Jay Weissberg in Variety on the film for which Álex de la Iglesia has won the Silver Lion and an Osella for Best Screenplay in Venice, Balada triste de trompeta, known among English-speakers as either as A Sad Trumpet Ballad or The Last Circus: "Loud, tedious and unattractive in every sense, this barrage of blood set during the Franco regime combines the helmer's customary cartoonishness with horror and ups it a thousand notches. Presumably his two vengeful clowns are meant to be an in-your-face comment on Spain's fascist past, but the nonstop splatter has all the insight of an ultraviolent videogame."

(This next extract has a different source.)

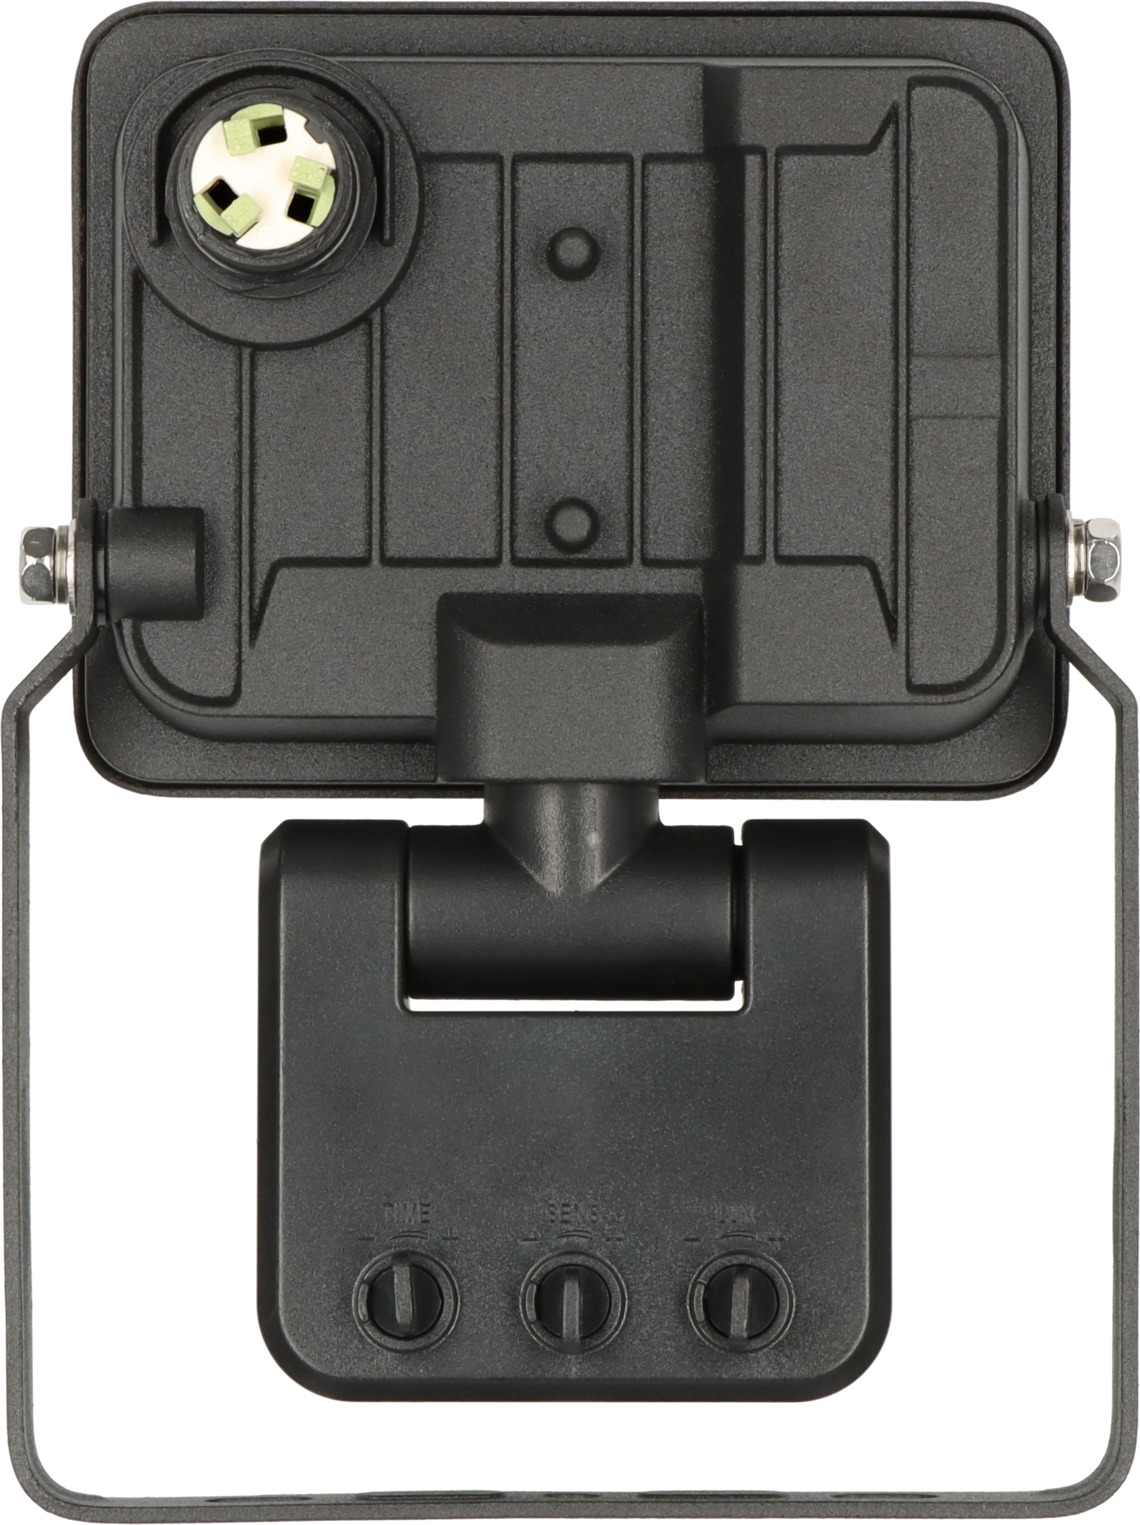 LED Strahler JARO 1060 | P Infrarot-Bewegungsmelder, brennenstuhl® 1150lm, mit IP65 10W
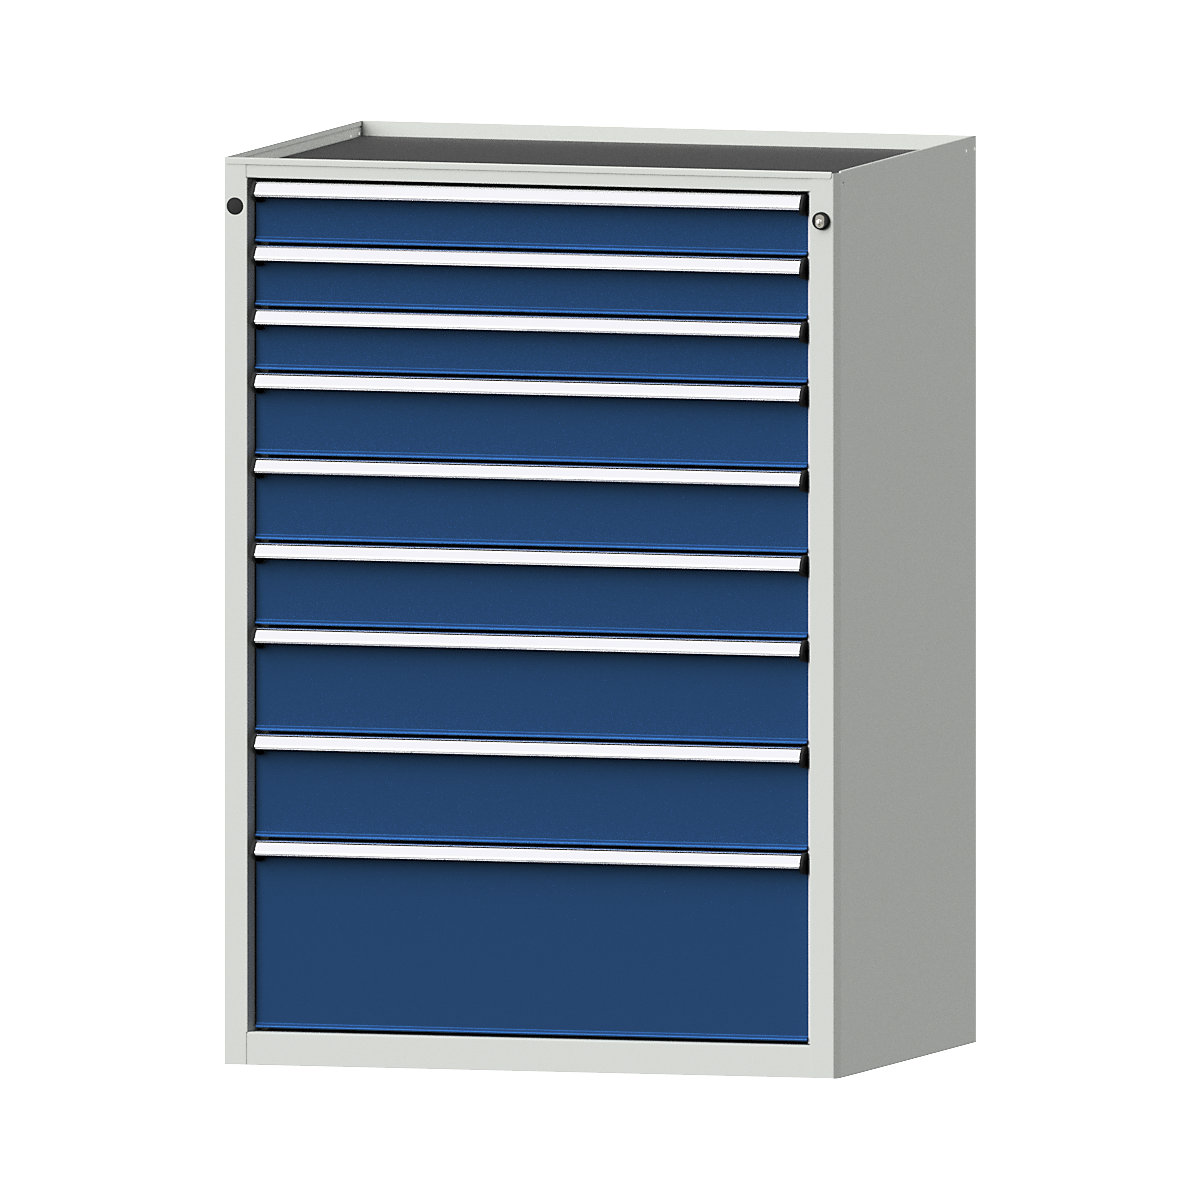 Zásuvková skříň – ANKE, š x h 910 x 675 mm, nosnost zásuvky 200 kg, 9 zásuvek, výška 1280 mm, čelo hořcově modré

"The hideous tug of war is between puffy, owlish Sad Clown (Carlos Areces) and drunken, sadistic Happy Clown (Antonio de la Torre), yin-yang monsters whose deformed psyches eventually can no longer be camouflaged by greasepaint," writes Fernando F Croce at the House Next Door. "At the center is Carolina Bang's toothsome acrobat — the soul of Spain herself? If so, all the more credit to de la Iglesia for making her a darting-tongued lewdling who perversely relishes her own vile ravishment. The filmmaker's lack of discipline ultimately mars the subtext, but the brazen fusion of Jodorowsky and Tashlin remains a heady mix that shows how timid and safe Pan's Labyrinth really was."
"[T]he film features a scattered mosaic of silent-film references, touching on James Whale and Tod Browning," notes Guy Lodge at In Contention, "but its nightmarish sound mix makes a far stronger case for the merits of pre-talkie cinema."
"Normally, I would run a mile from a movie with oddball stiltwalkers, flying midgets and comedy human cannonballs, but this had a wildness, sexiness and daring insanity that I found weirdly compelling," writes the Observer's Jason Solomons. "Two rampaging, disfigured clowns with machetes and machine guns duelling over a large-breasted trapeze artist on top of a 200ft-high cross? You gotta see that."
Reports Camillo de Marco for Cineuropa: "'It's my most personal and risky film; I've put my heart and soul into it,' explained the director, who identified with both protagonists. 'In my opinion, it's first and foremost a love story: mad, wild and horrible. In short, a mix of horror and passion: the things I love.' On the dark period of the dictatorship, Iglesia says he has 'brought out the anguish, with shades of film noir and irony, in order to be able to bury it. We have a terribly painful past which influences all our present-day lives. We've suffered pain and torture: things which change people and destroy the life of the film's protagonist.'"
Álex de la Iglesia. Photo by Fabrizio Maltese/EF Press/fabriziomaltese.com. Venice 2010.
A Sad Trumpet Ballad screens in Toronto on Tuesday, Wednesday and September 19.
Update, 9/16: "[T]hough the film becomes a bit of an unwieldy mess at points, unable to fully support the full scope of what de la Iglesia is attempting it still remains one of the most vital and compelling pieces of work in the career of one of the world's most unique and unusual talents," writes Twitch's Todd Brown.
Update, 9/20: "Beginning in carnage and soaring into surrealist tragicomedy, Balada Triste is a film hellbent on madness and in full control of it," writes Time's Richard Corliss. "Is it the best movie in Venice and Toronto, or the worst? Could be either. But it was surely the most."